Decades later, these disparities still exist and are undergirded by extreme racial and socioeconomic segregation. While East Orange is nearly 90 percent black with a median annual household income of only $40,000, Livingston is more than 75 percent white with a median annual household income of $129,000. These types of statistics are replicated across the state.

Children of color living in urban centers attend vastly different schools than their suburban counterparts who live in whiter and wealthier communities.

I still wonder what opportunities I would have had if I had attended school in an affluent suburb. I succeeded thanks to the values instilled in me during my childhood in Jamaica, strong mentorship, and a lot of luck.

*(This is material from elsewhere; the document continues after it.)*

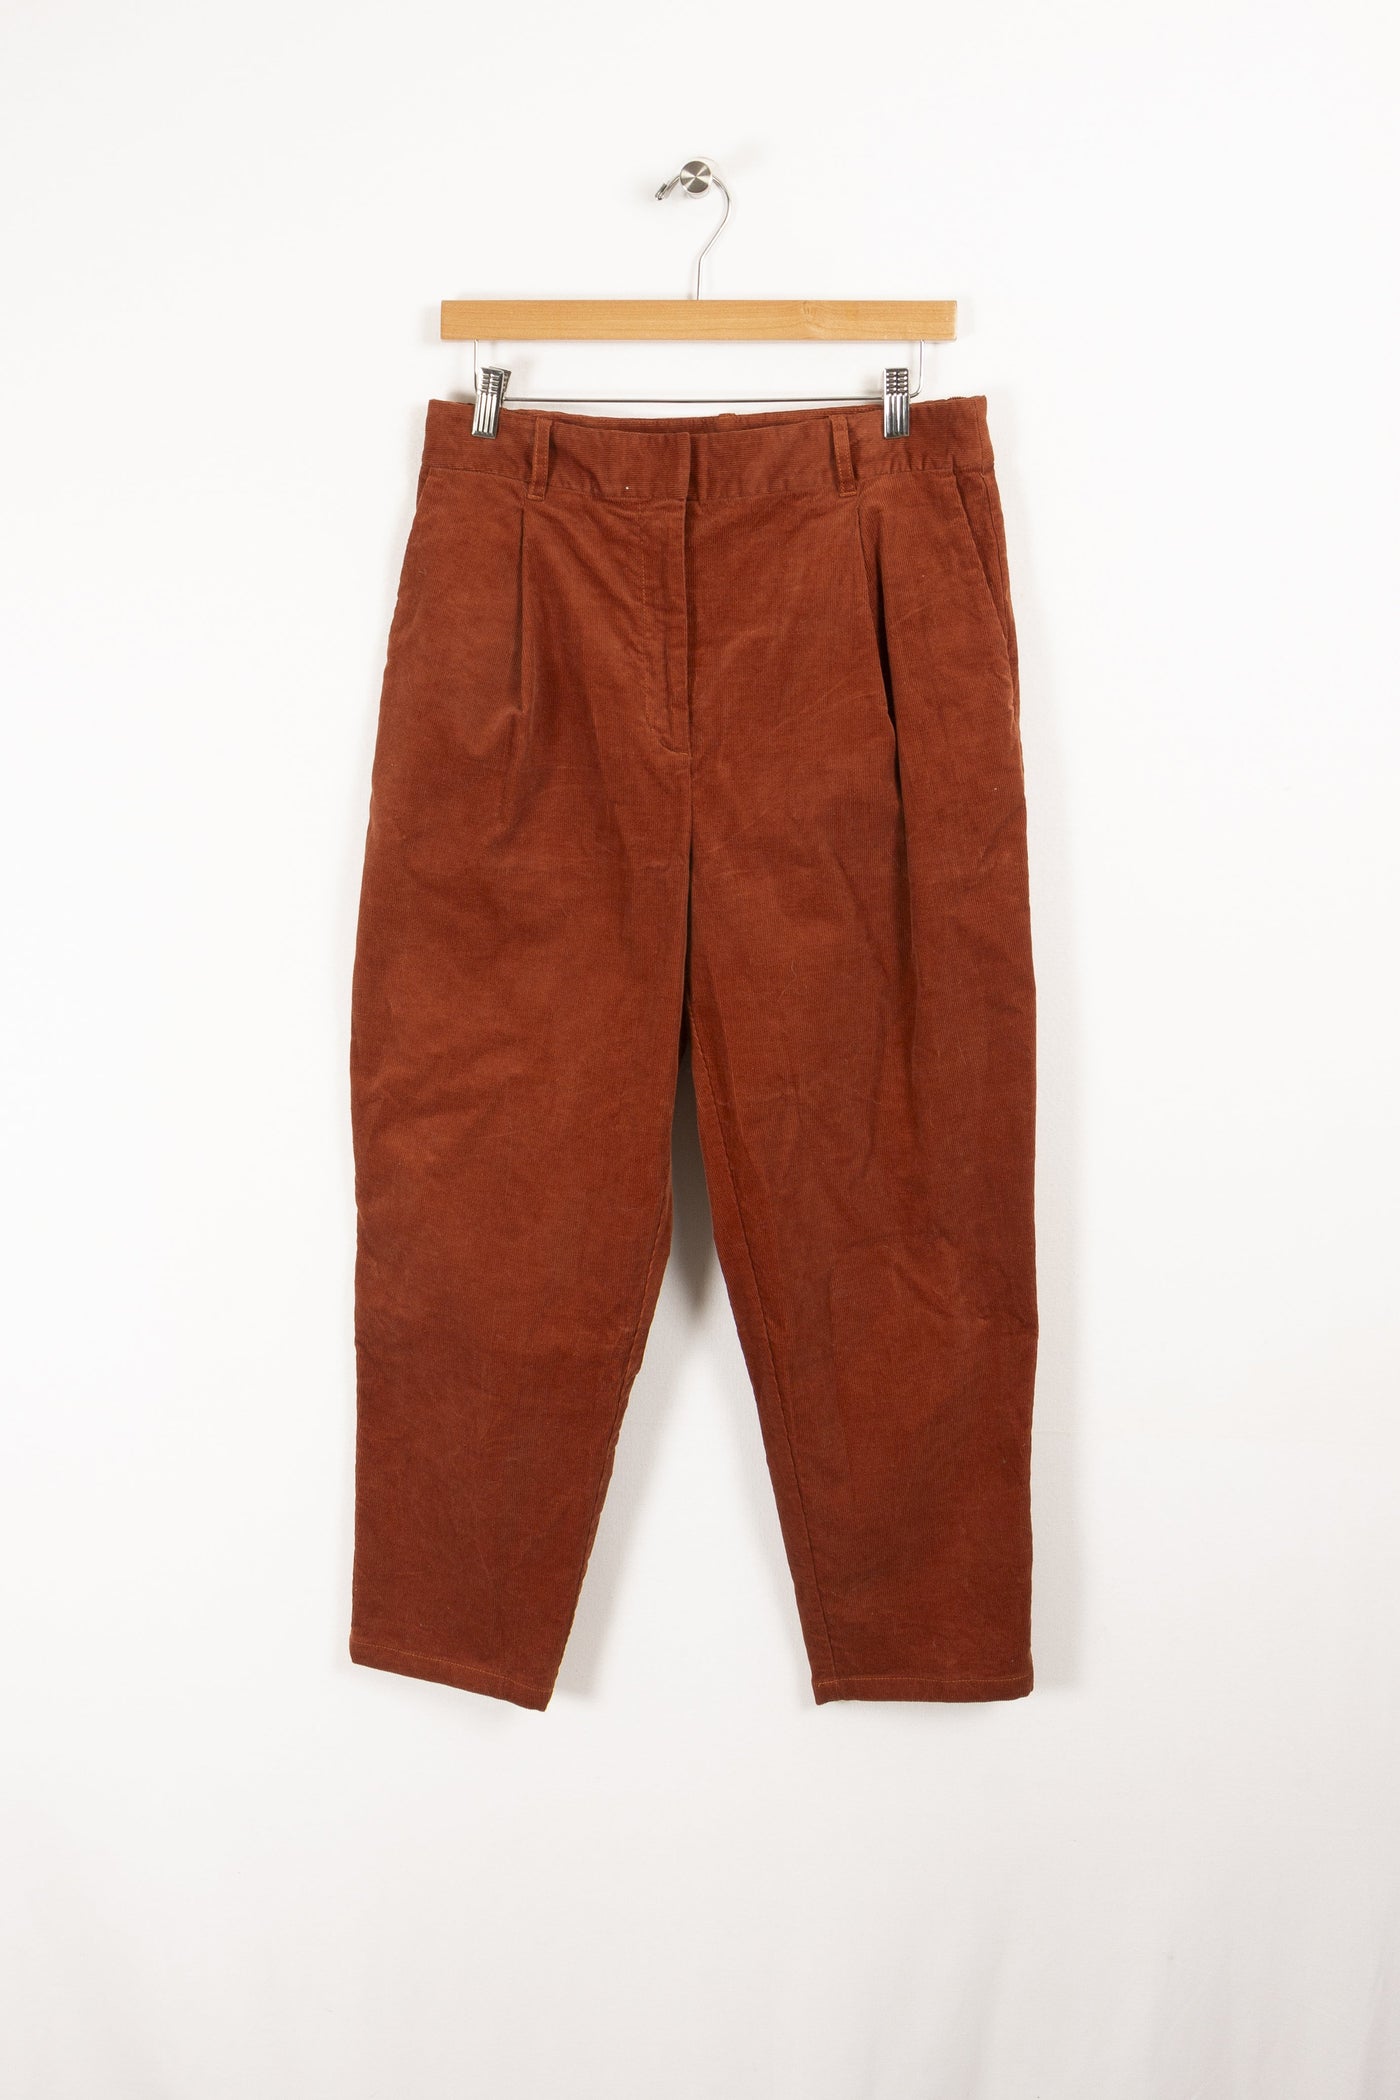 Pantalon marron - Taille L/40

Many of my classmates weren't so lucky. They dropped out of school and, driven by a lack of hope and resources, too many made poor choices presented in their immediate environment and ended up involved on the wrong side of the criminal justice system.

New Jersey's segregated schools are not a political issue. They are a civil rights crisis.

Schools in New Jersey are the sixth most segregated in the nation for African Americans and seventh most segregated for Latinos. Our schools are more segregated than those in the South.

The ability of all children to get a quality education in our public schools is a key part of achieving the American dream. This is part of the dream my parents immigrated to the United States to secure.

New Jersey's students, like my own two children, will compete against children from all over the world. All children, including my own, learn best when they attend diverse schools and can make friends with students from different races, backgrounds, and cultural experiences. It better prepares them for the increasingly multicultural world they will face as adults.

Attacking the problem of school segregation is essential to ensuring every student in our state is equipped to succeed – including children in our urban centers. We should not lose young minds simply because they were raised and educated in Newark, Trenton, East Orange, Jersey City, or Camden.

We've tackled this problem indirectly through enforcement of New Jersey's fair housing laws, known as the Mount Laurel doctrine. During my years as an elected official in Westampton, I have been a forceful advocate for these laws despite fierce opposition.

We now need focused solutions for our segregated classrooms. Gov. Phil Murphy has a historic opportunity to act on this issue.

In May, civil rights groups – including the Latino Action Network and the NAACP – joined with concerned parents to file a landmark lawsuit against the state of New Jersey to integrate our schools.

New Jersey's Constitution was the first in the nation to explicitly prohibit racial segregation in public schools. The N.J. Supreme Court has ruled that even implicit segregation violates students' rights. Mercer County Assignment Judge Mary C. Jacobson has given the governor until the end of August to respond to this lawsuit.

Rather than take an adversarial stance, he should acknowledge the grave constitutional violations occurring in New Jersey's schools and lead the effort to sit down with plaintiffs and work out a plan to begin the process of integrating our schools. This will not only save taxpayers the expense of protracted litigation, it will also allow us to start focusing on solutions.

I was encouraged that the governor issued a statement recognizing the deep segregation in our schools shortly after the lawsuit was filed in May. Now, he needs to breathe life into those progressive words and follow up with concrete actions.

The children of New Jersey have waited long enough. Now is the time for the grown-ups to resolve one of the central civil rights challenges confronting our state.

Carolyn V. Chang is the immediate past president of the Association of Black Women Lawyers of New Jersey (ABWL) and currently serves as chair of ABWL's Social Justice Committee. She served as a member of the Westampton Township, Burlington County, governing body, where she was mayor from 2013-2016.